● EXERCISE DIRECTIONS: Exactly as written, return every line of the data below apart from the pictures.

● DATASET SECTION:
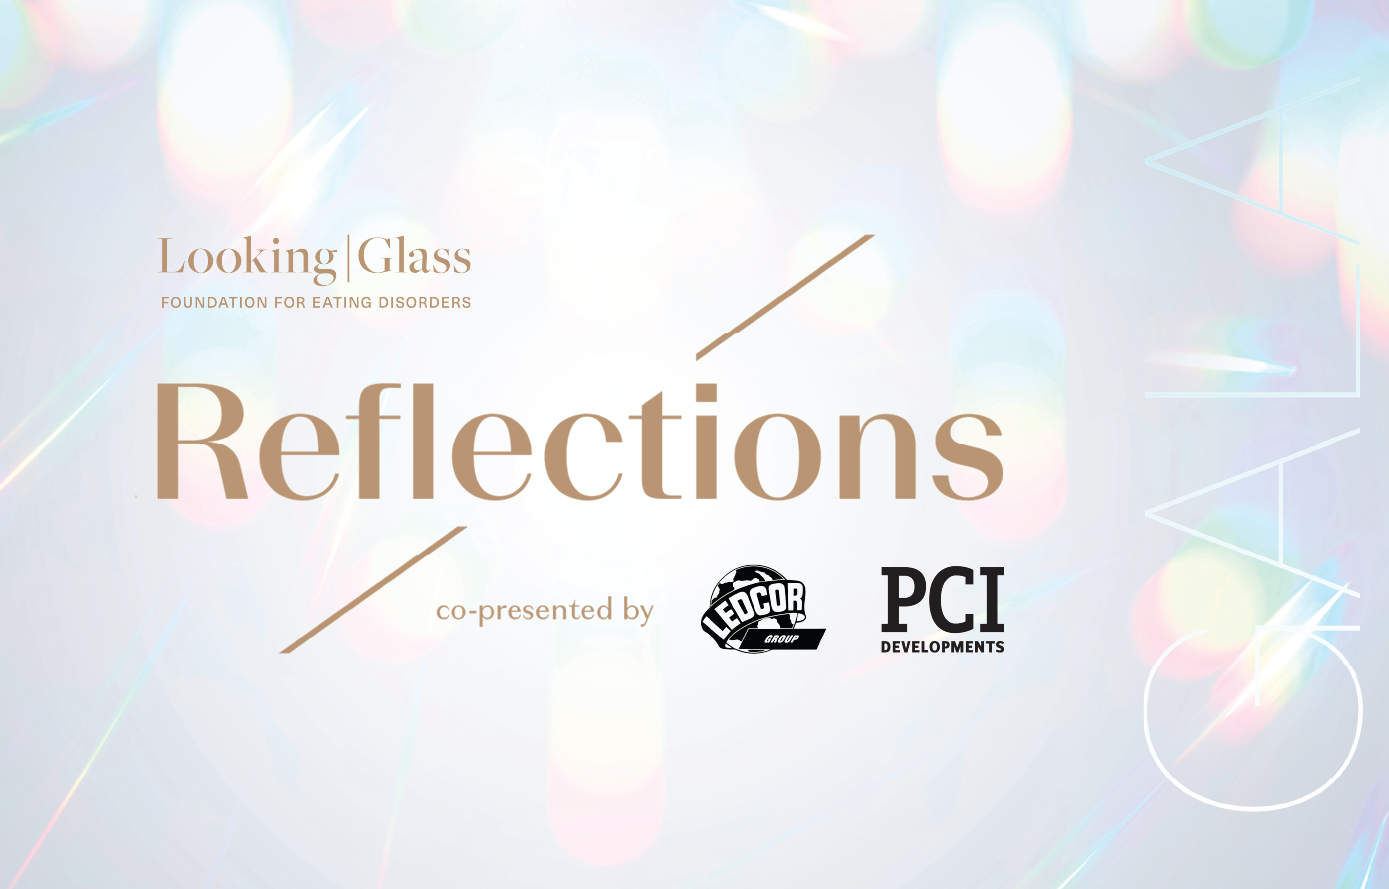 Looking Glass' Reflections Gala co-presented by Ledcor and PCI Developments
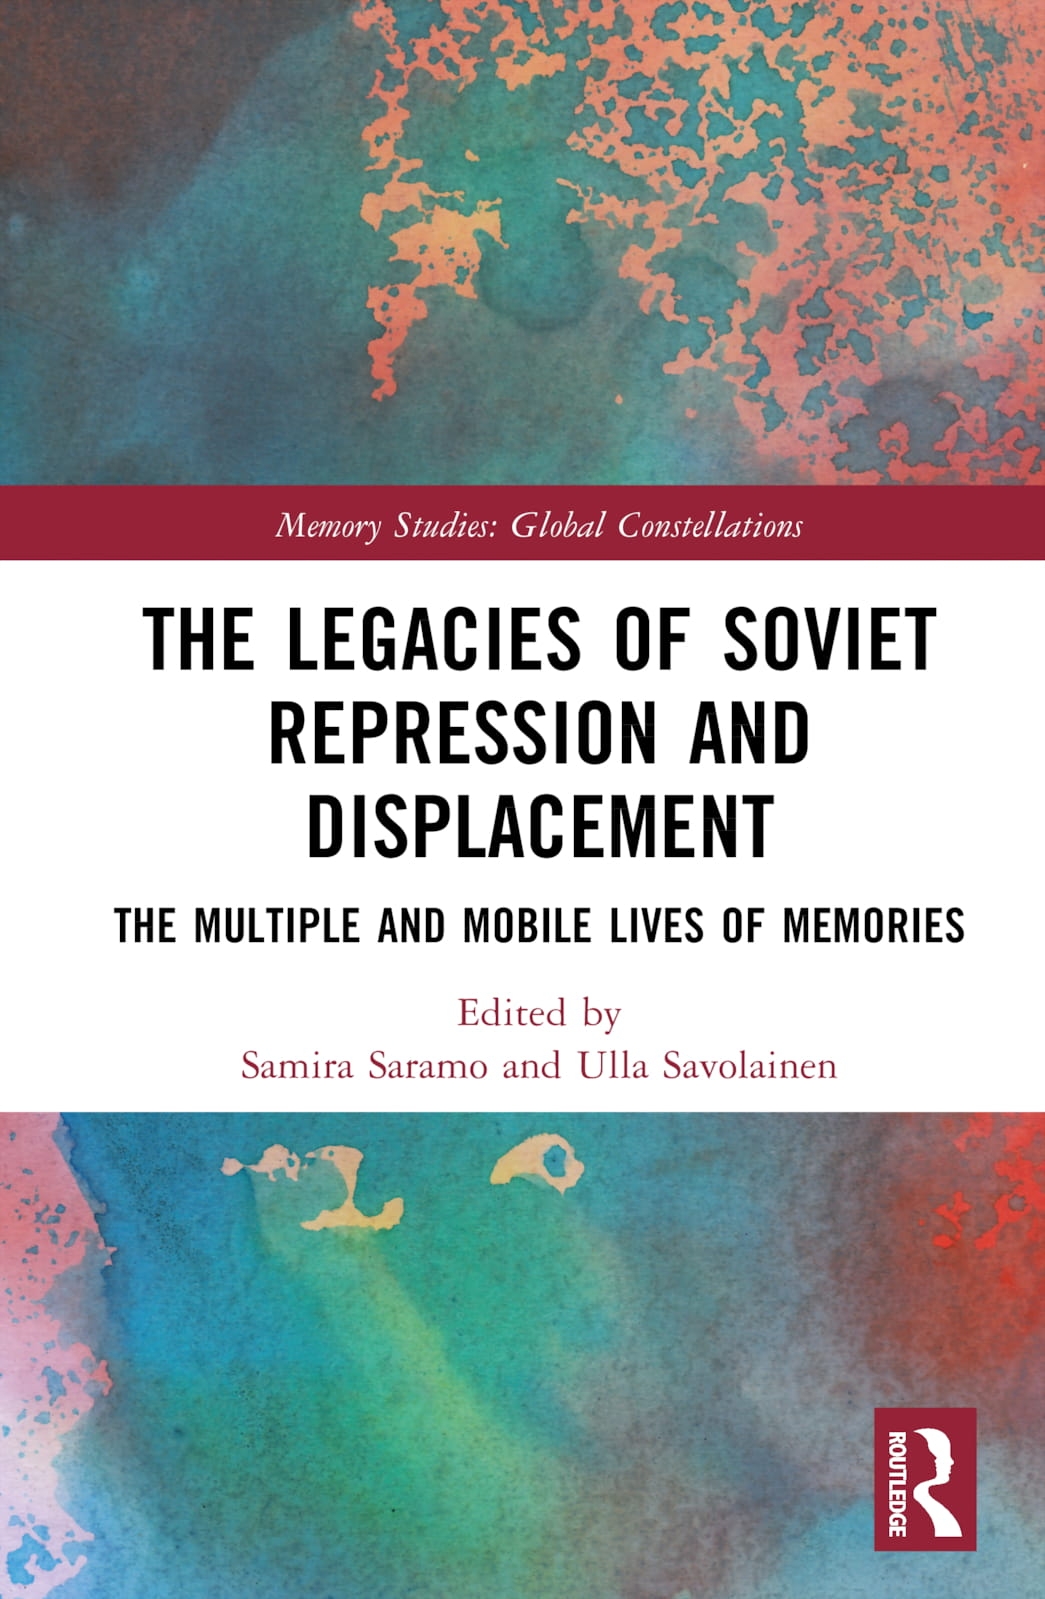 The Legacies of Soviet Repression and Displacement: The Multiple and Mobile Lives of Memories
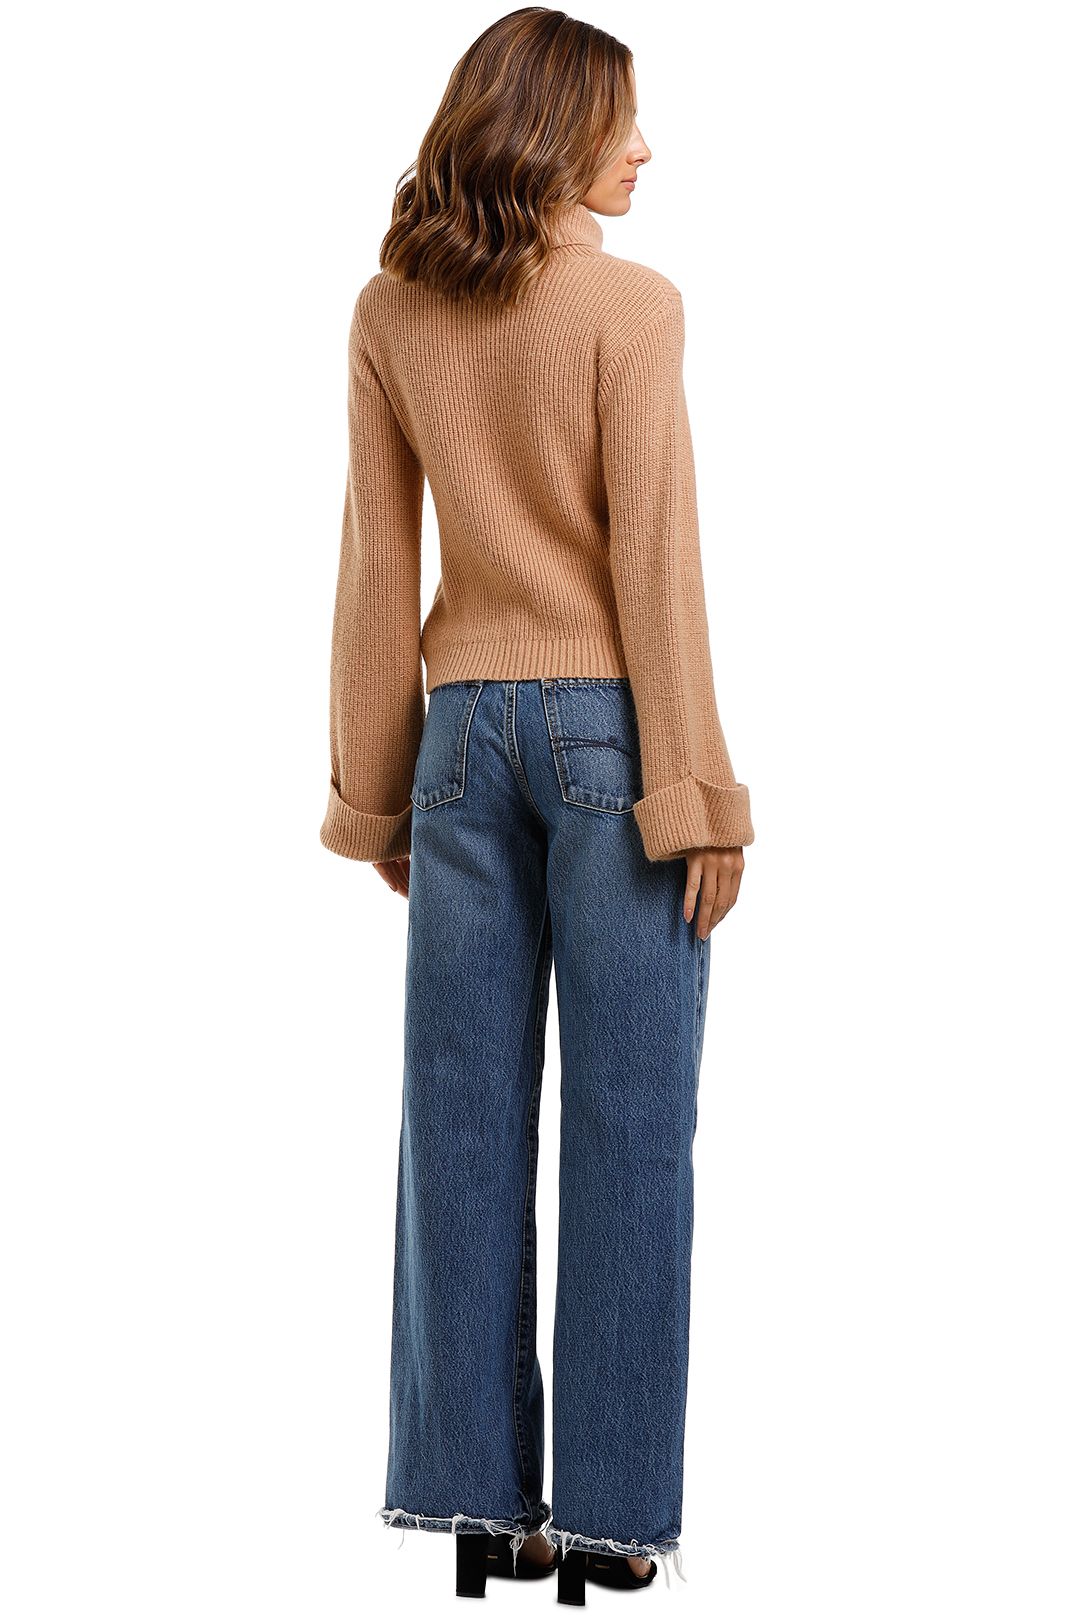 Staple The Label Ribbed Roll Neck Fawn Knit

● WRITTEN SOLUTION:
 Looking Glass' Reflections Gala co-presented by Ledcor and PCI Developments
 The Legacies of Soviet Repression and Displacement: The Multiple and Mobile Lives of Memories
 Staple The Label Ribbed Roll Neck Fawn Knit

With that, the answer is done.